= ACTION ITEM =
Exact copies of all the lines below are wanted, without a single picture.

= RECORDED DATA =
....

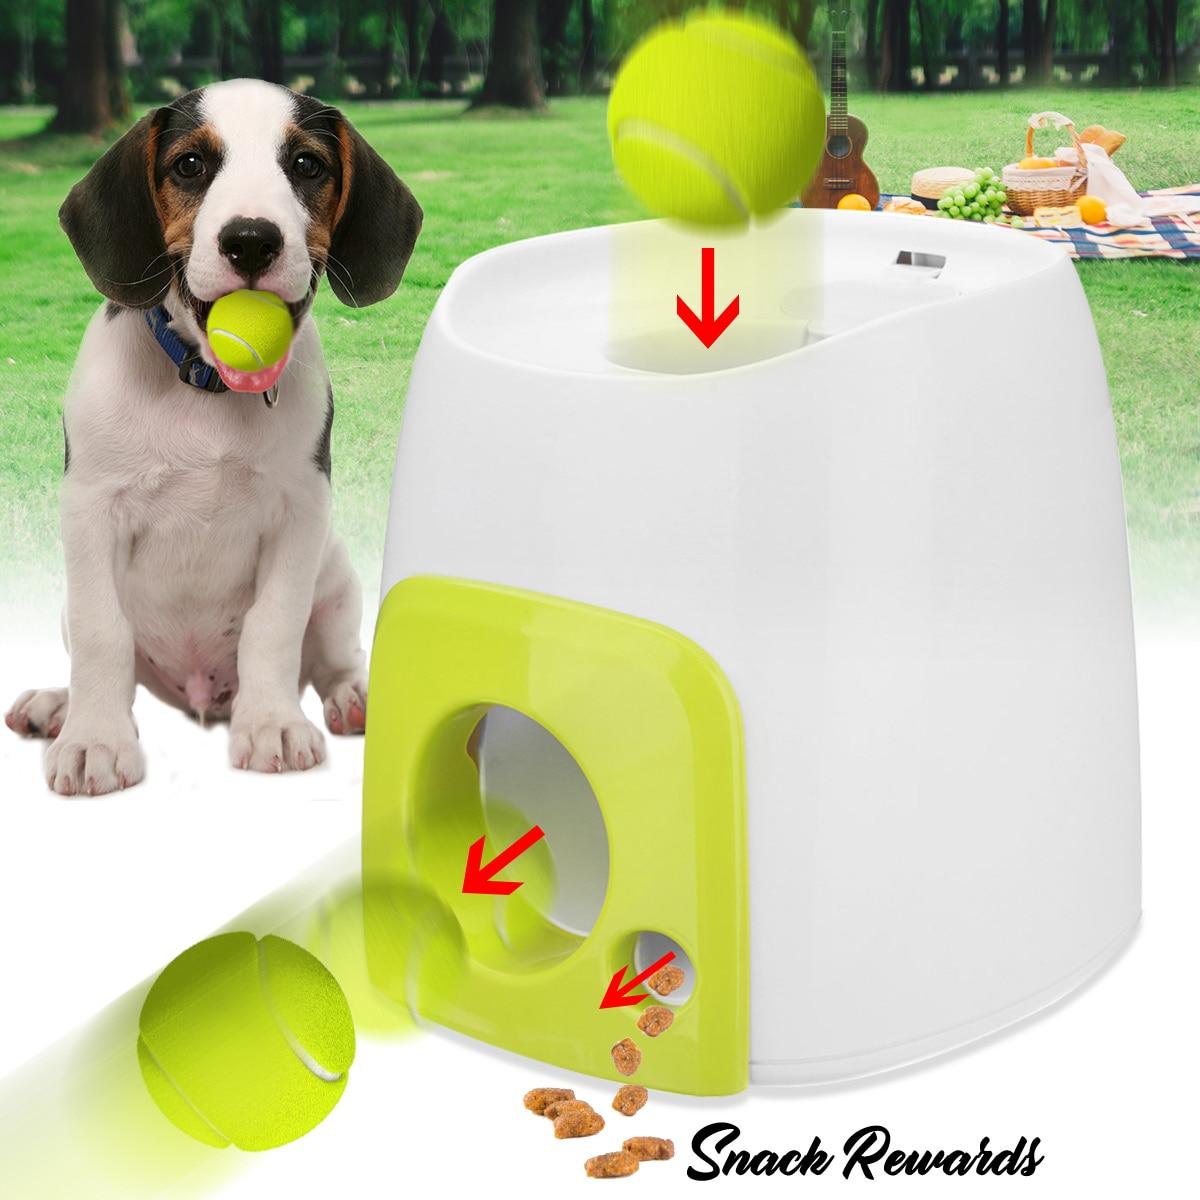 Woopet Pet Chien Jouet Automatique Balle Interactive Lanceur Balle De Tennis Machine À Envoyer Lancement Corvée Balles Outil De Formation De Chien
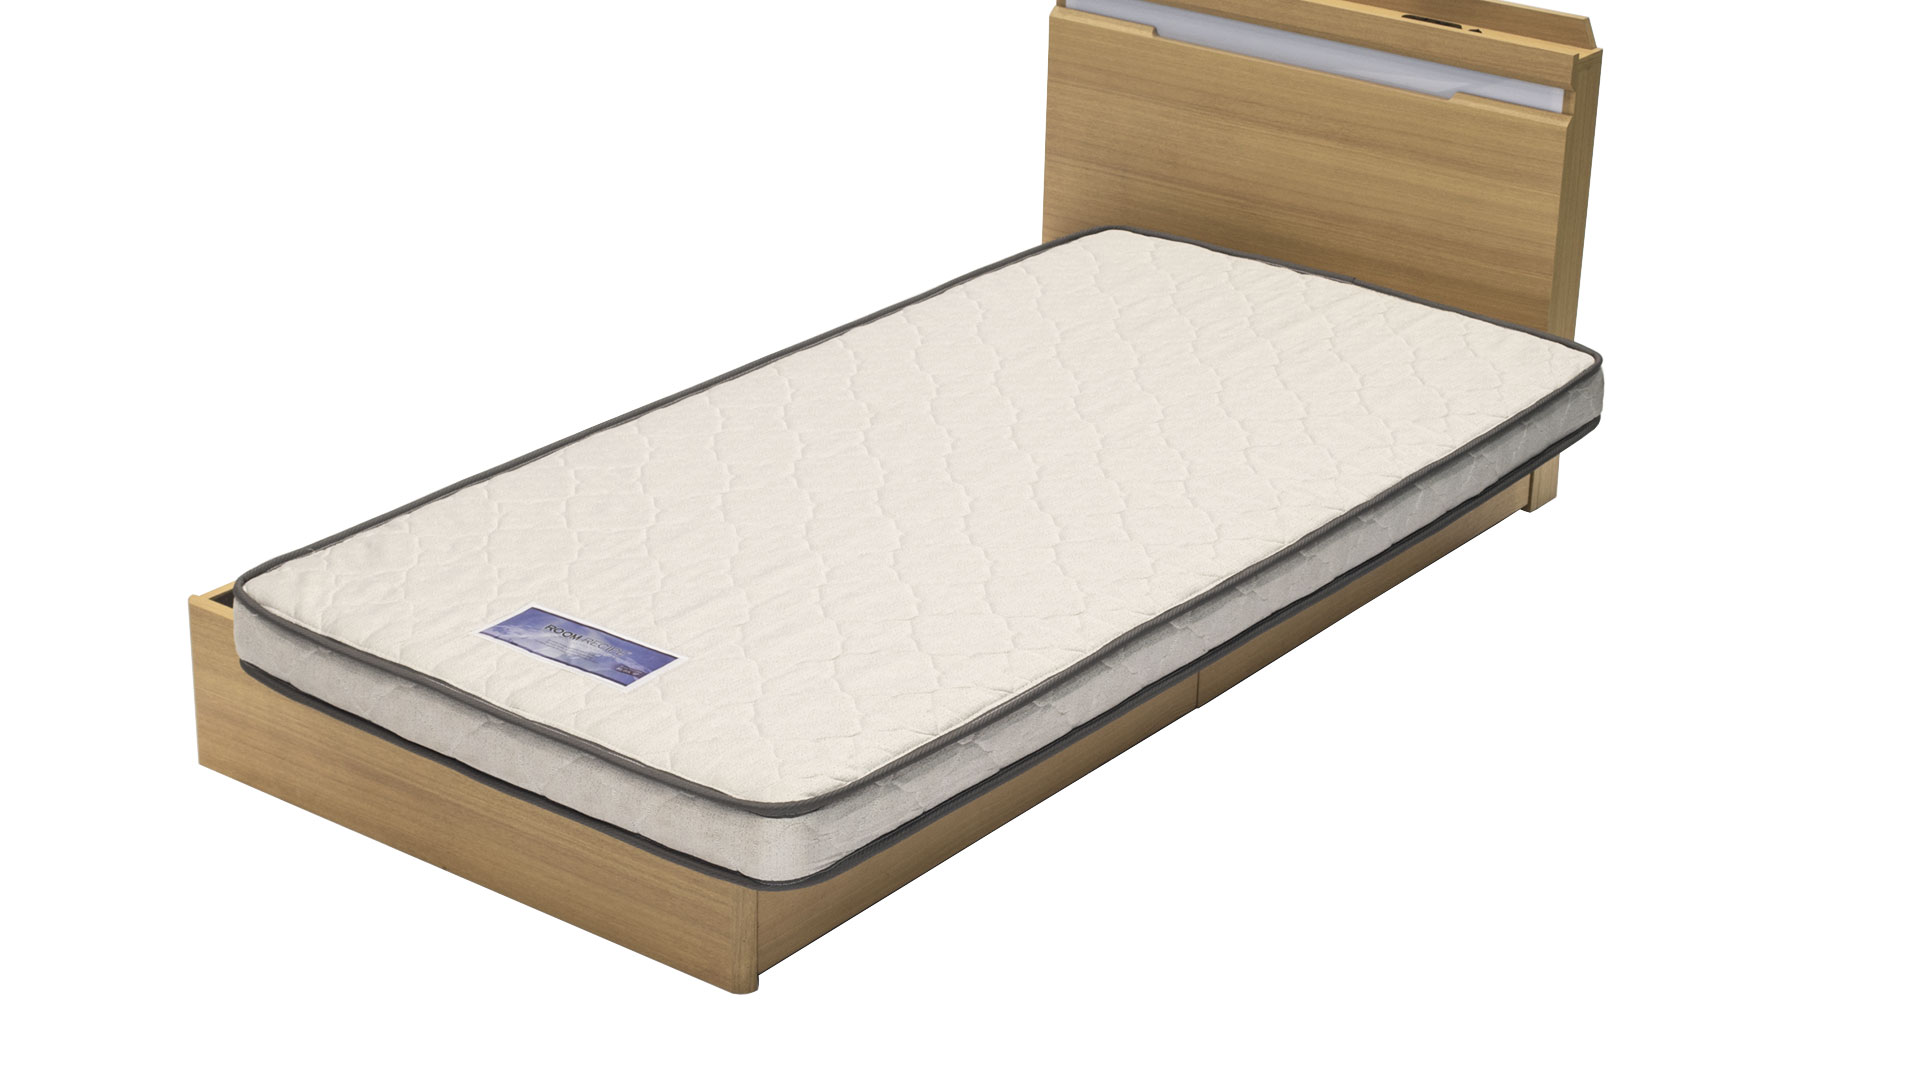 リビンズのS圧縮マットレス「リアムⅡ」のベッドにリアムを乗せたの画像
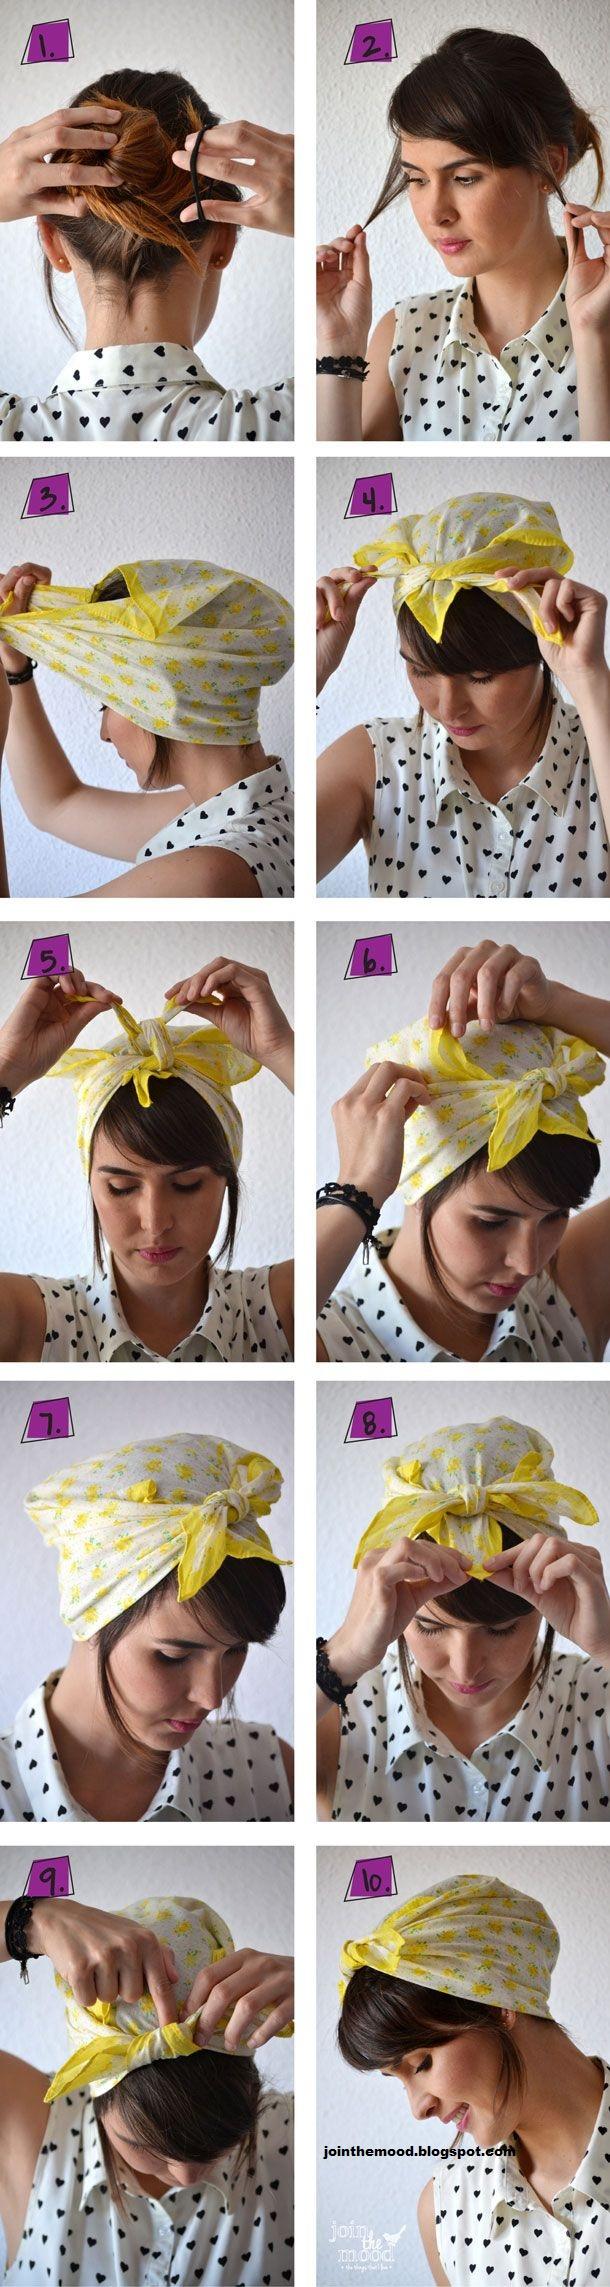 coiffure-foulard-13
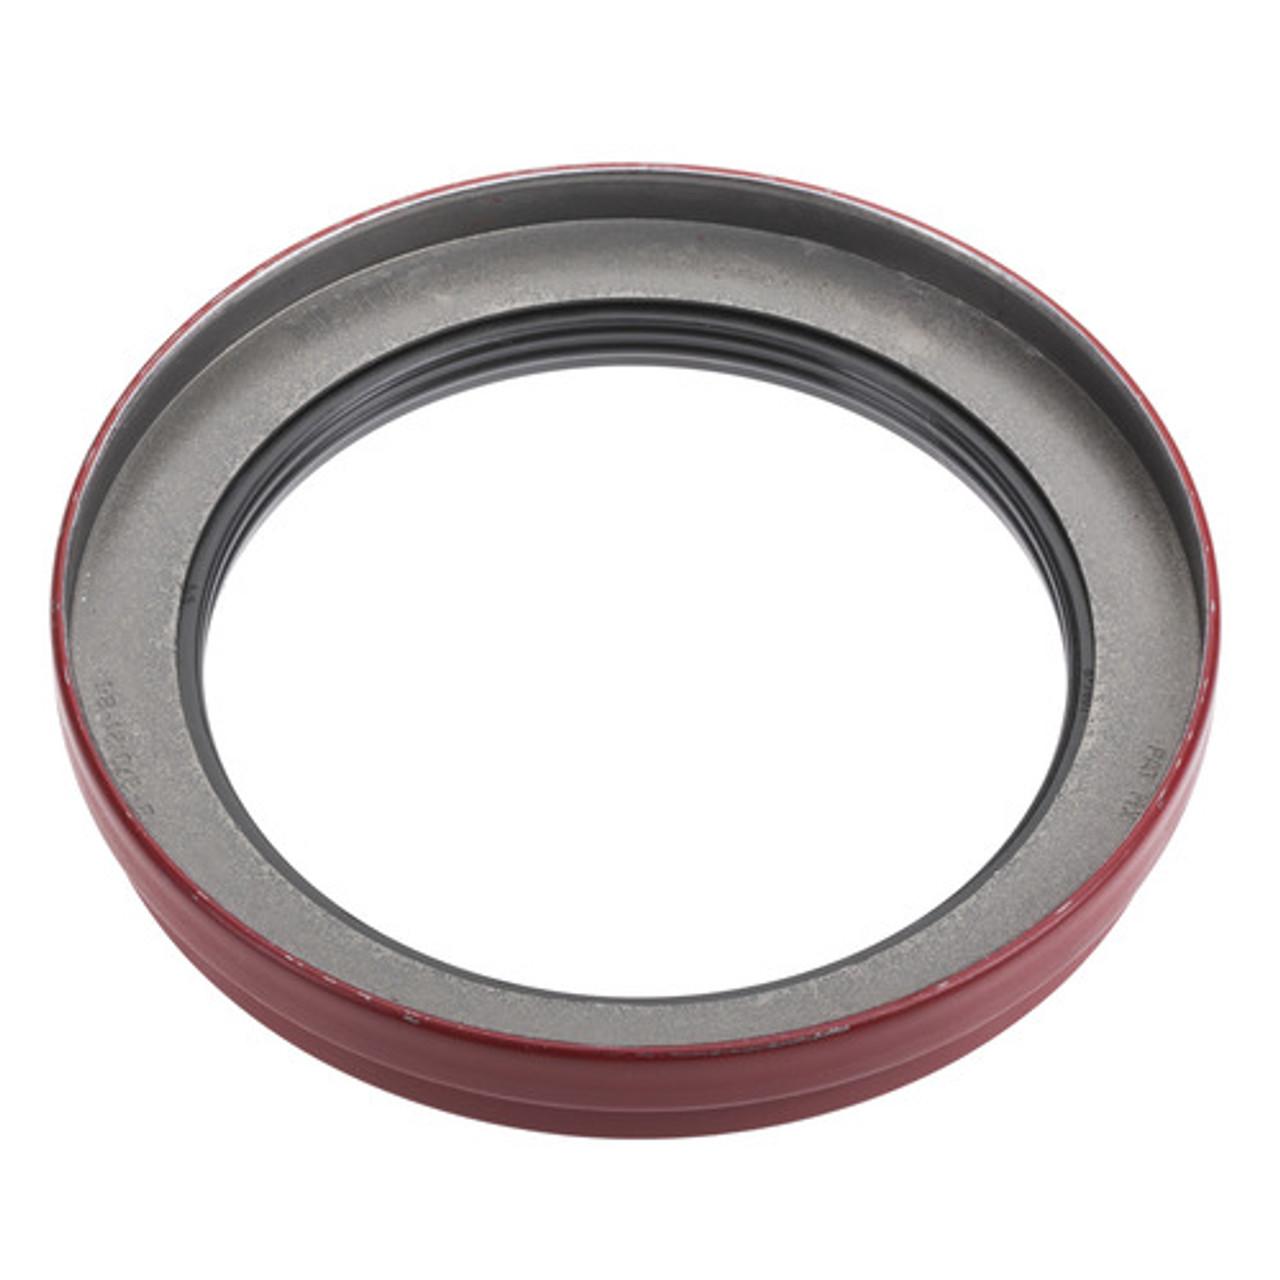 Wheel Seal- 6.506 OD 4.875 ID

....

= ANSWER FOR THE TASK =
 Woopet Pet Chien Jouet Automatique Balle Interactive Lanceur Balle De Tennis Machine À Envoyer Lancement Corvée Balles Outil De Formation De Chien
 リビンズのS圧縮マットレス「リアムⅡ」のベッドにリアムを乗せたの画像
 coiffure-foulard-13
 Wheel Seal- 6.506 OD 4.875 ID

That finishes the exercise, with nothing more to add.